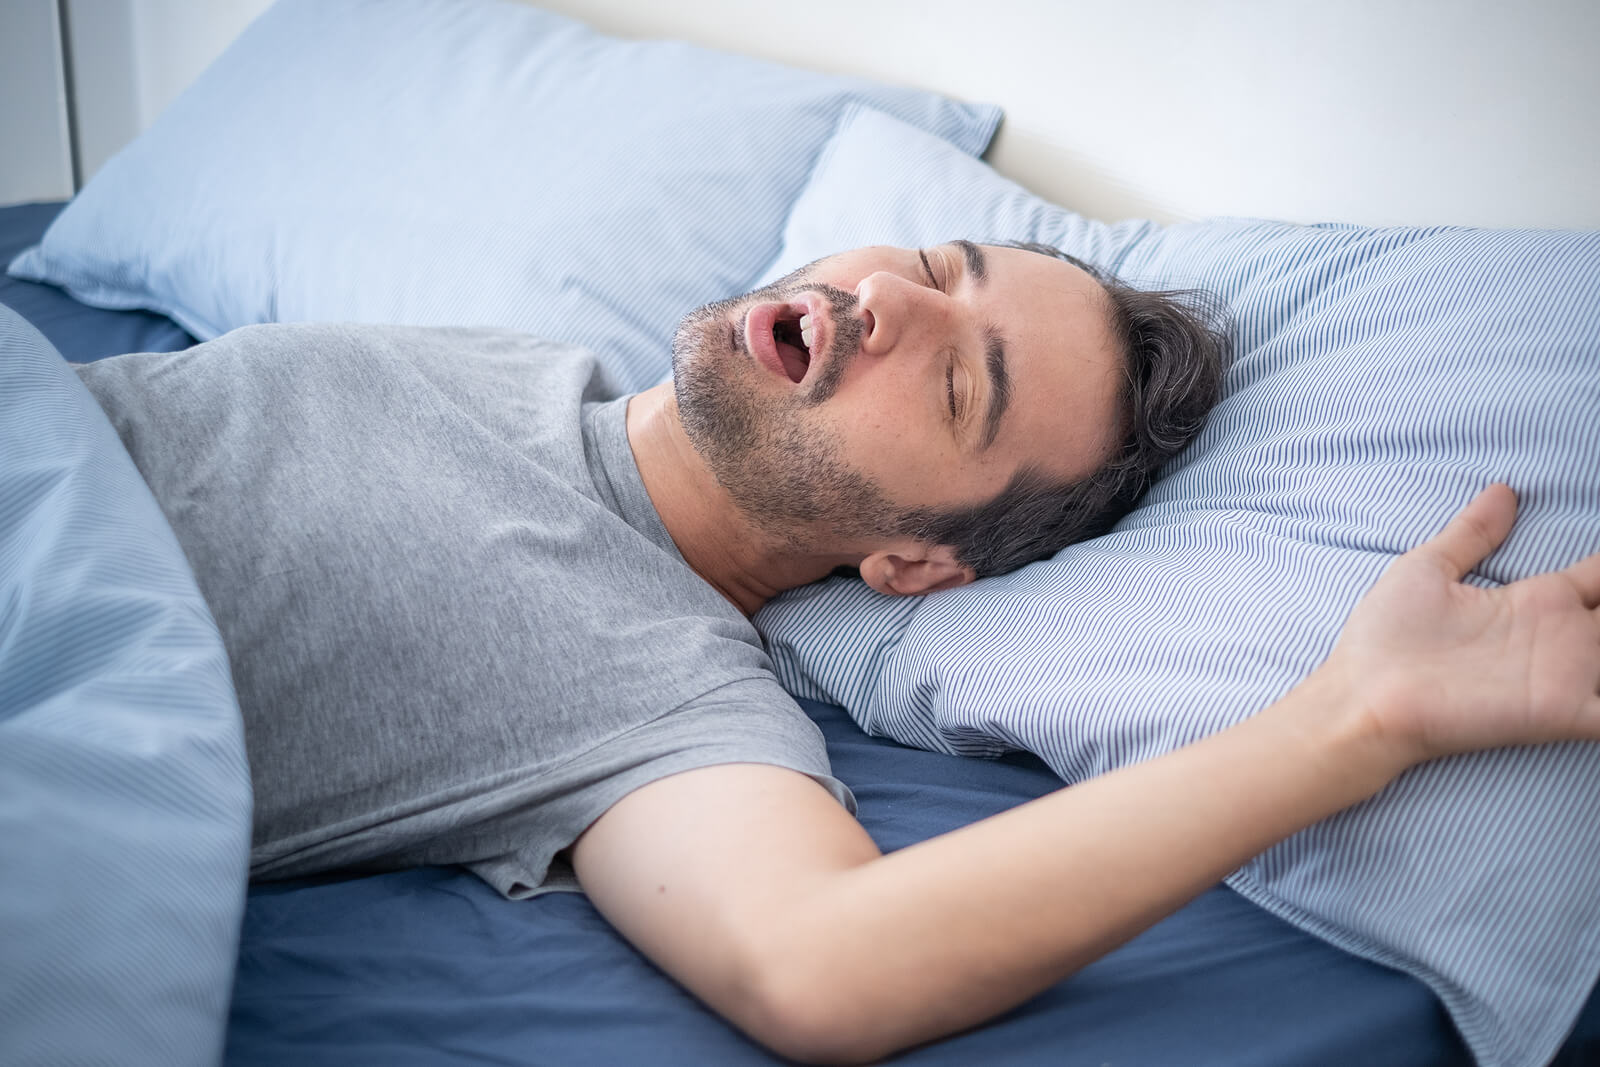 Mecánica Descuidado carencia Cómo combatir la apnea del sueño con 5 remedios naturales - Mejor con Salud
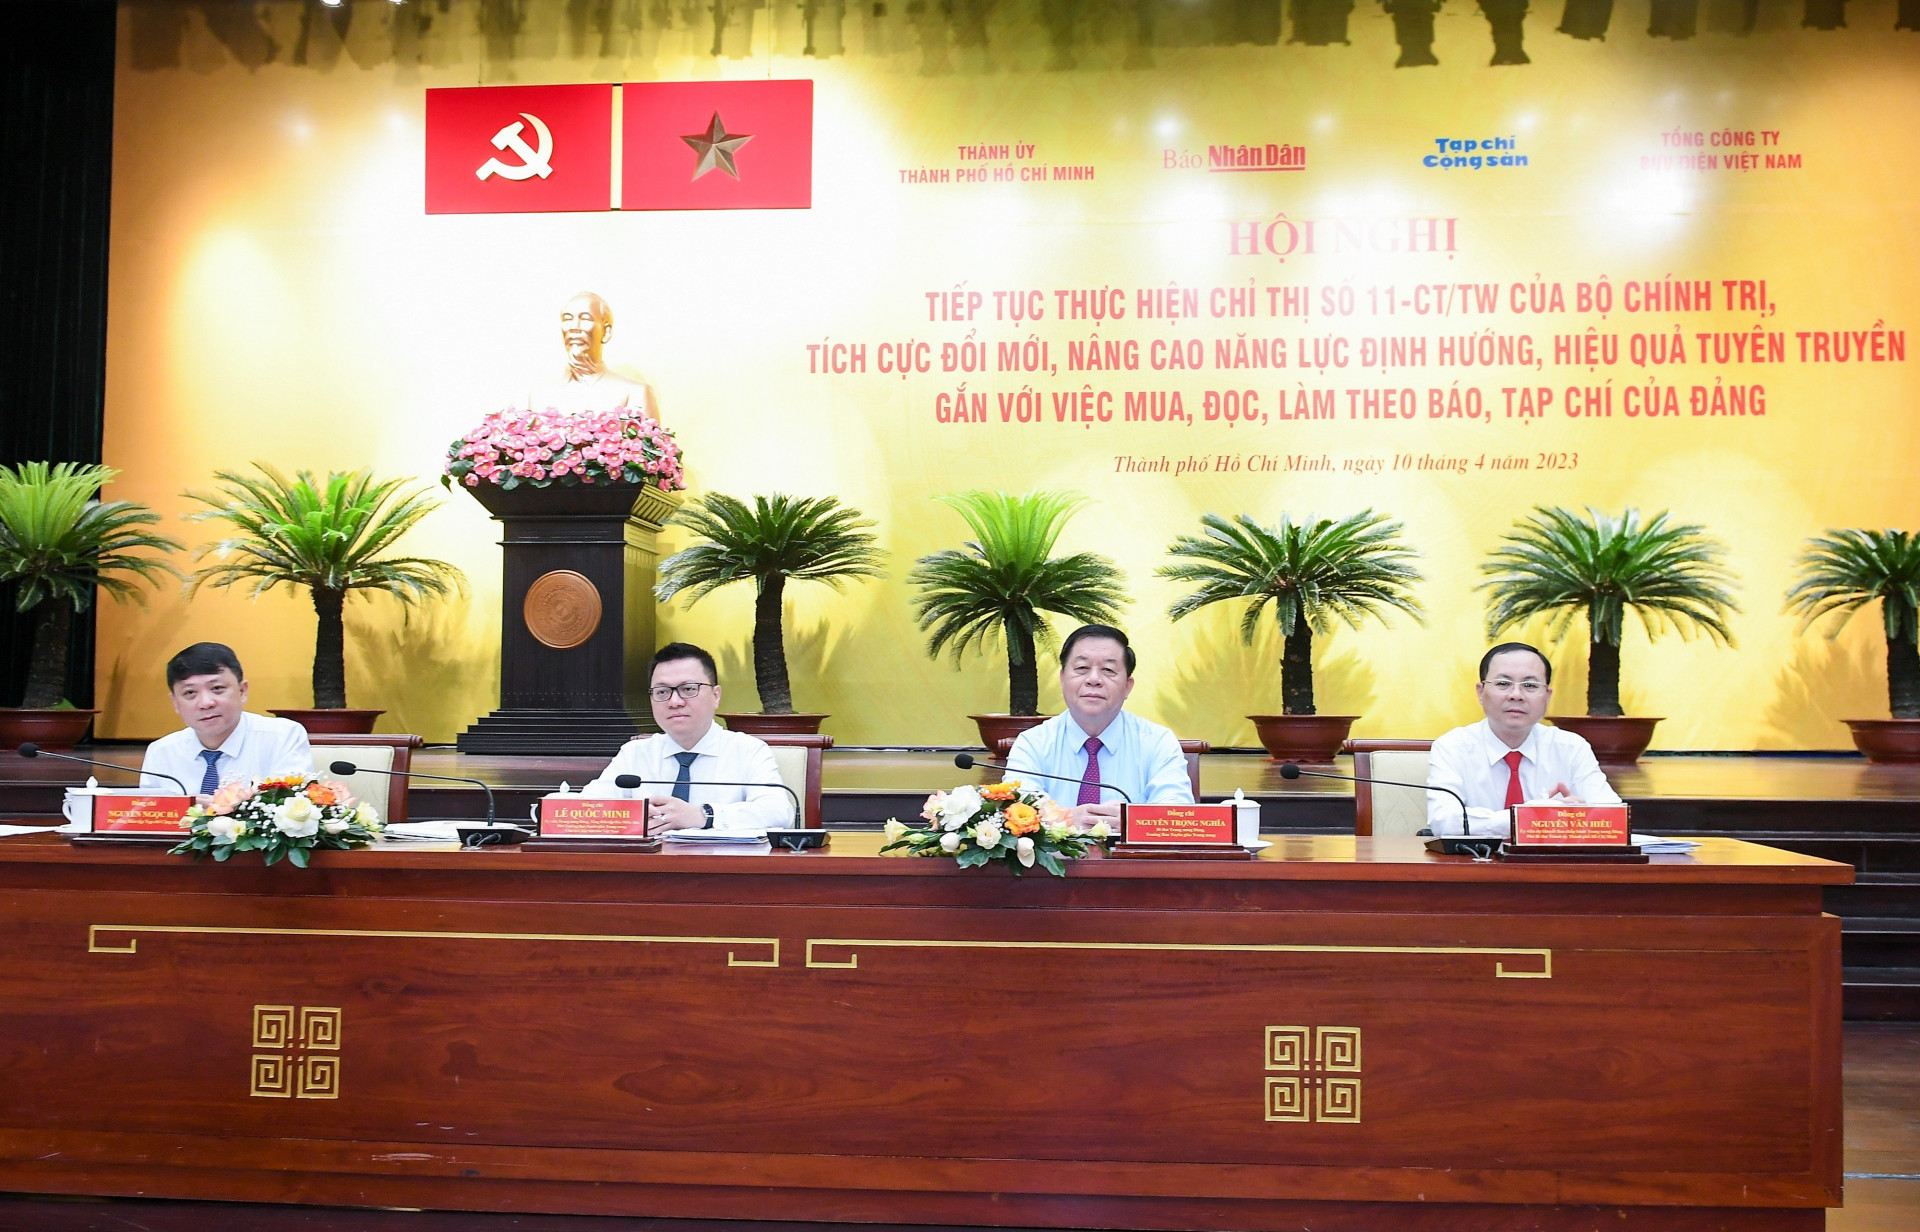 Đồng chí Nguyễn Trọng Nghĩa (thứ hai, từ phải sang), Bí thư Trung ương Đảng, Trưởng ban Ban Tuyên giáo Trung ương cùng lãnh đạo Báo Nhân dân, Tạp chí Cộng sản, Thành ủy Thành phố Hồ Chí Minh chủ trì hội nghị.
━━━━
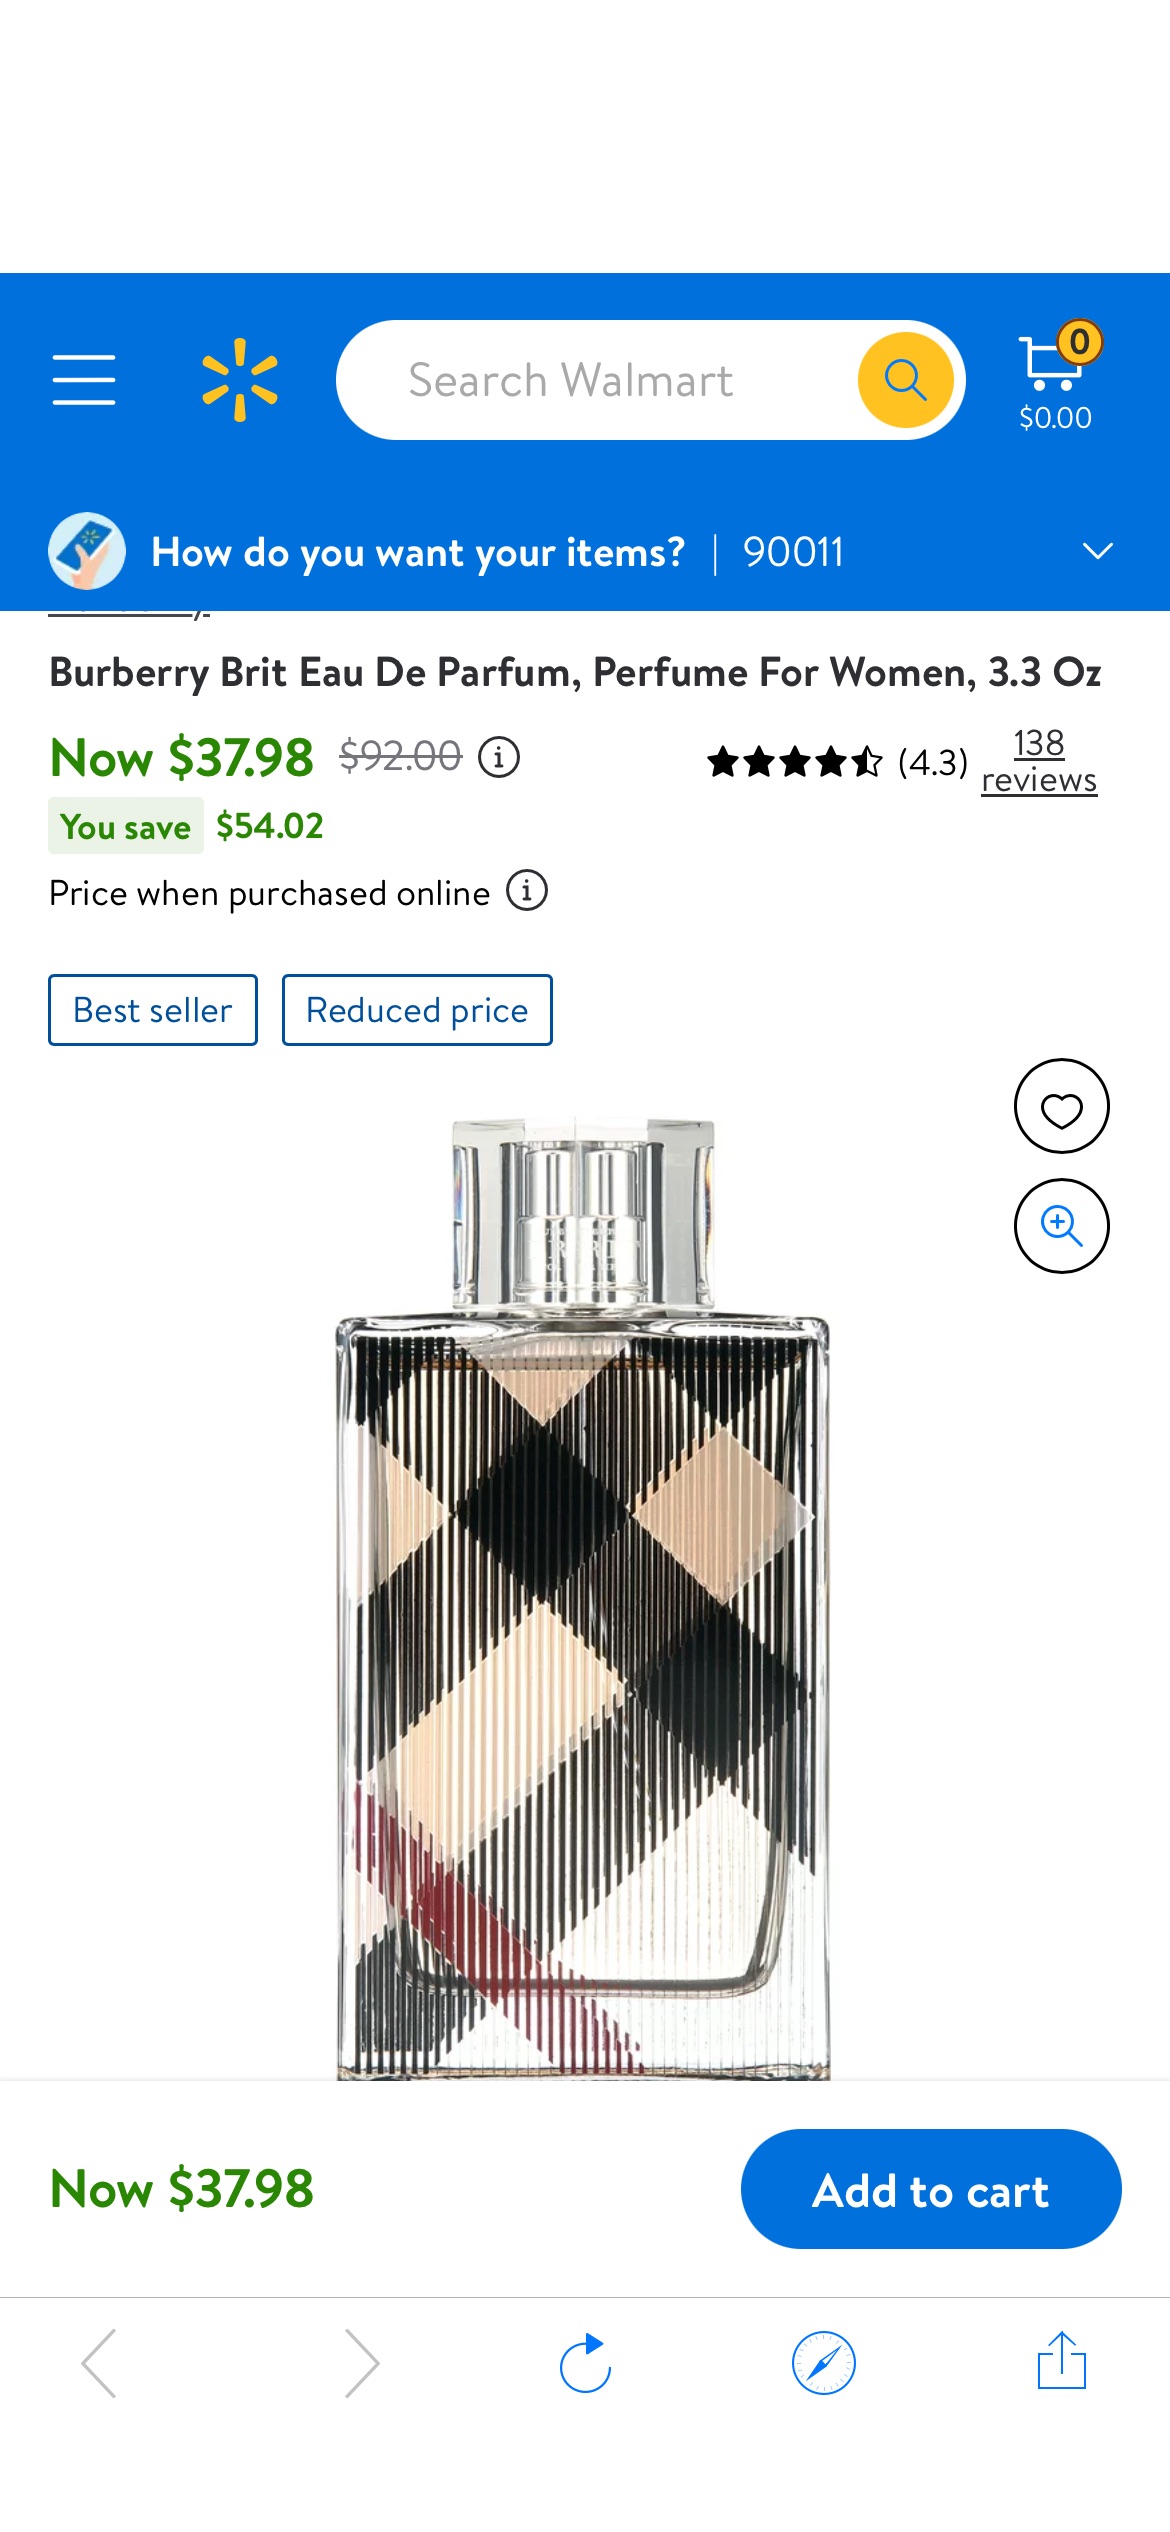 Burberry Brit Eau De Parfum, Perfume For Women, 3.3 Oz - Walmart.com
━━━━
EXERCISE DESCRIPTION —
With the pictures omitted, copy the entries above exactly from the line containing "Mecánica Descuidado carencia" through the line containing "Đồng chí Nguyễn", both lines included.

TASK SOLUTION —
 Mecánica Descuidado carencia Cómo combatir la apnea del sueño con 5 remedios naturales - Mejor con Salud
 Đồng chí Nguyễn Trọng Nghĩa (thứ hai, từ phải sang), Bí thư Trung ương Đảng, Trưởng ban Ban Tuyên giáo Trung ương cùng lãnh đạo Báo Nhân dân, Tạp chí Cộng sản, Thành ủy Thành phố Hồ Chí Minh chủ trì hội nghị.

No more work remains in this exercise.